This paper is concerned with the problem of determining the optimal size and composition of a permanent workforce needed to run a facility when demand is specified by a workstation group (WSG) for up to 24 hours a day, 7 days a week. For full-time employees, a solution is characterized by a bid job, which consists of a five-day-a-week schedule, a lunch break for all shifts, and a set of WSG task assignments for each of the half-hour periods in a shift. In contrast, each part-time employee may be given anywhere from one to six shifts during the week, and each shift may vary from four to eight hours in length. To facilitate supervision, all employees must be assigned to a home WSG, but when idle time exists in their schedules, they can be redeployed to other WSGs for a portion of the day.

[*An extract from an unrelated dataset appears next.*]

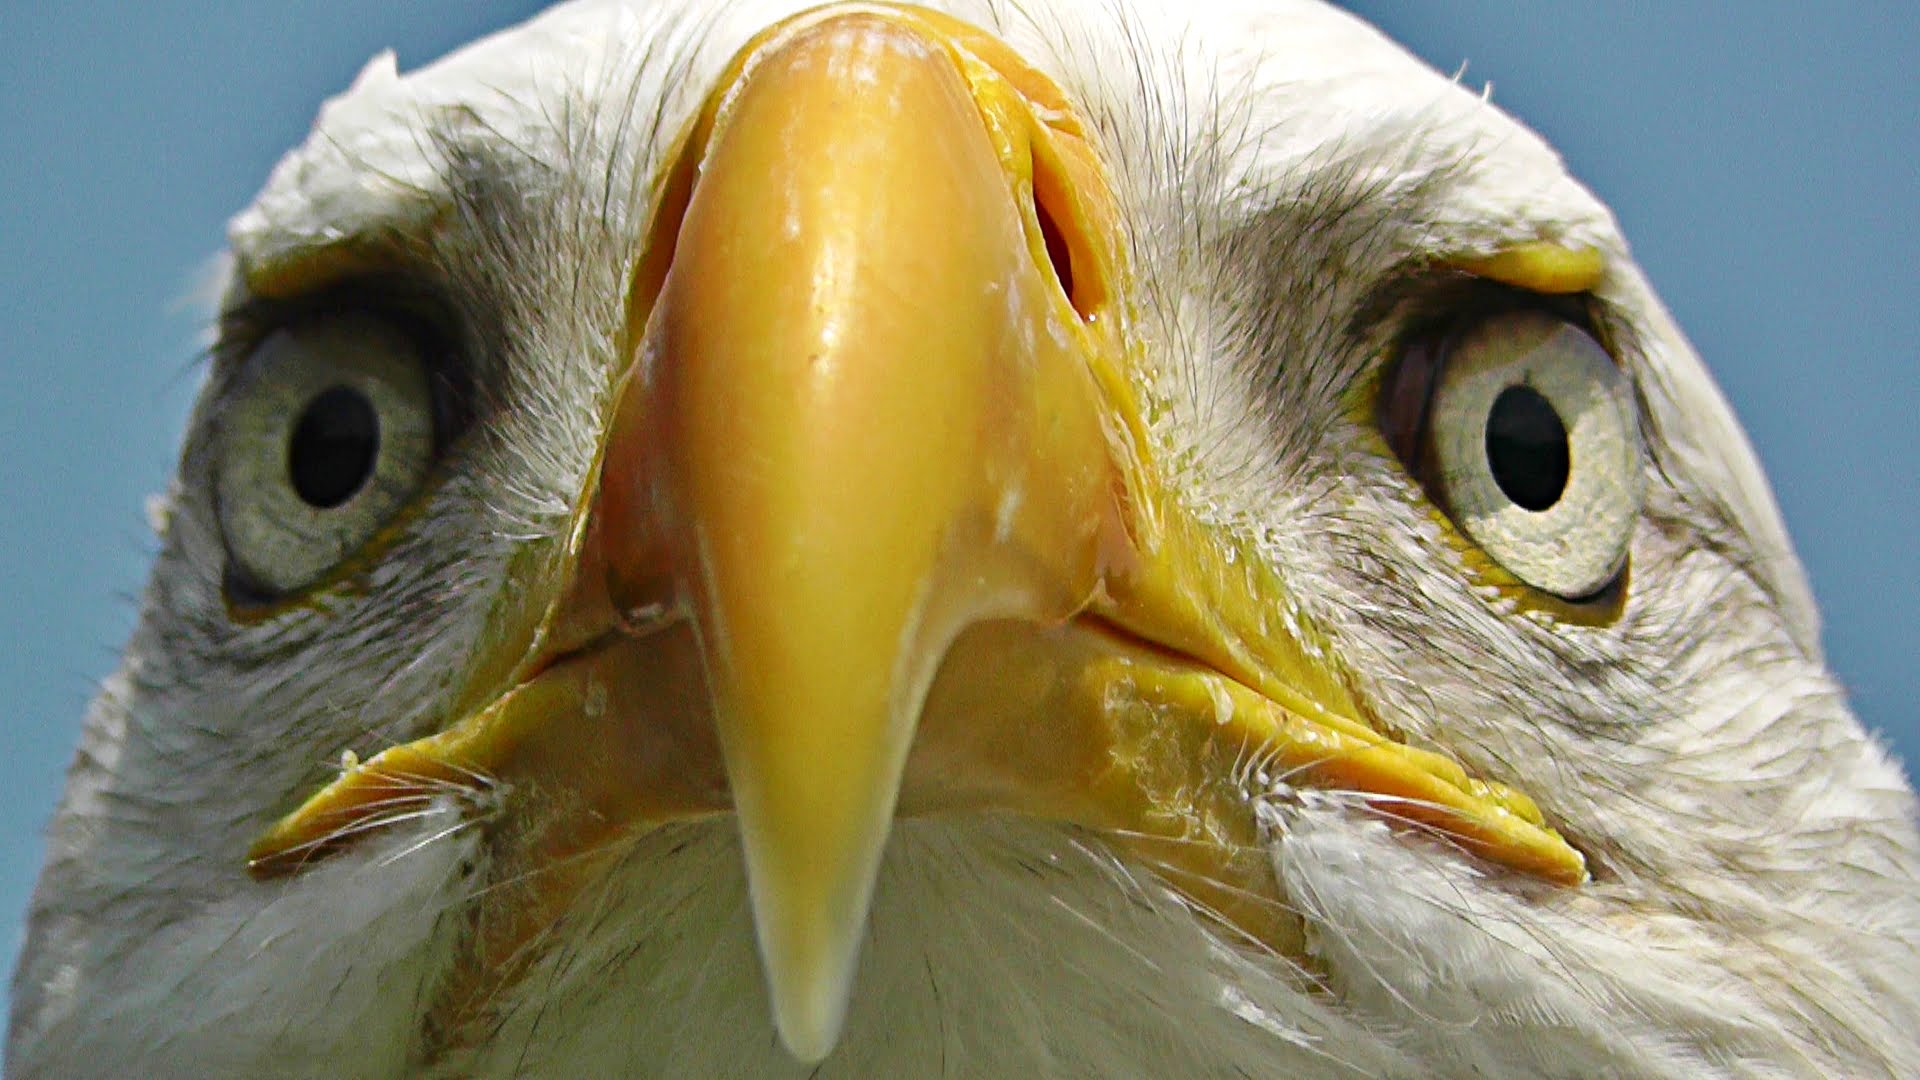 Bald Eagle Bird - Birds of Prey - Awesome Close Up - YouTube

One of the complicating and unique factors addressed in this paper is the existence of nonsymmetric movement restrictions between WSGs. For example, an employee whose home base is A may be permitted to perform tasks at B, but not vice versa. Because the full problem could not be reduced to a single model, a multistage solution approach was developed. In the first stage, an extended shift-scheduling problem is solved to determine the optimal number of employees and their shifts. The results are postprocessed in subsequent stages to obtain lunch breaks, days off, and task assignments under WSG movement restrictions.
In the implementation of the multistage approach, two alternatives were explored. The first was based on the idea of partitioning the WSGs into manageable clusters and then solving them in series. The second involved the direct solution of an integer programming formulation of the task assignment problem with home-base restrictions and WSG movement restrictions, but for a fixed workforce. An iterative scheme was used to adjust the size of the workforce until all constraints were satisfied and overall optimality was achieved. Testing was done with data provided by the U.S. Postal Service (USPS) mail processing and distribution center (P&DC) in Dallas. The computations showed that the second alternative always yielded the smaller workforce and was always able to find good solutions within 30 minutes.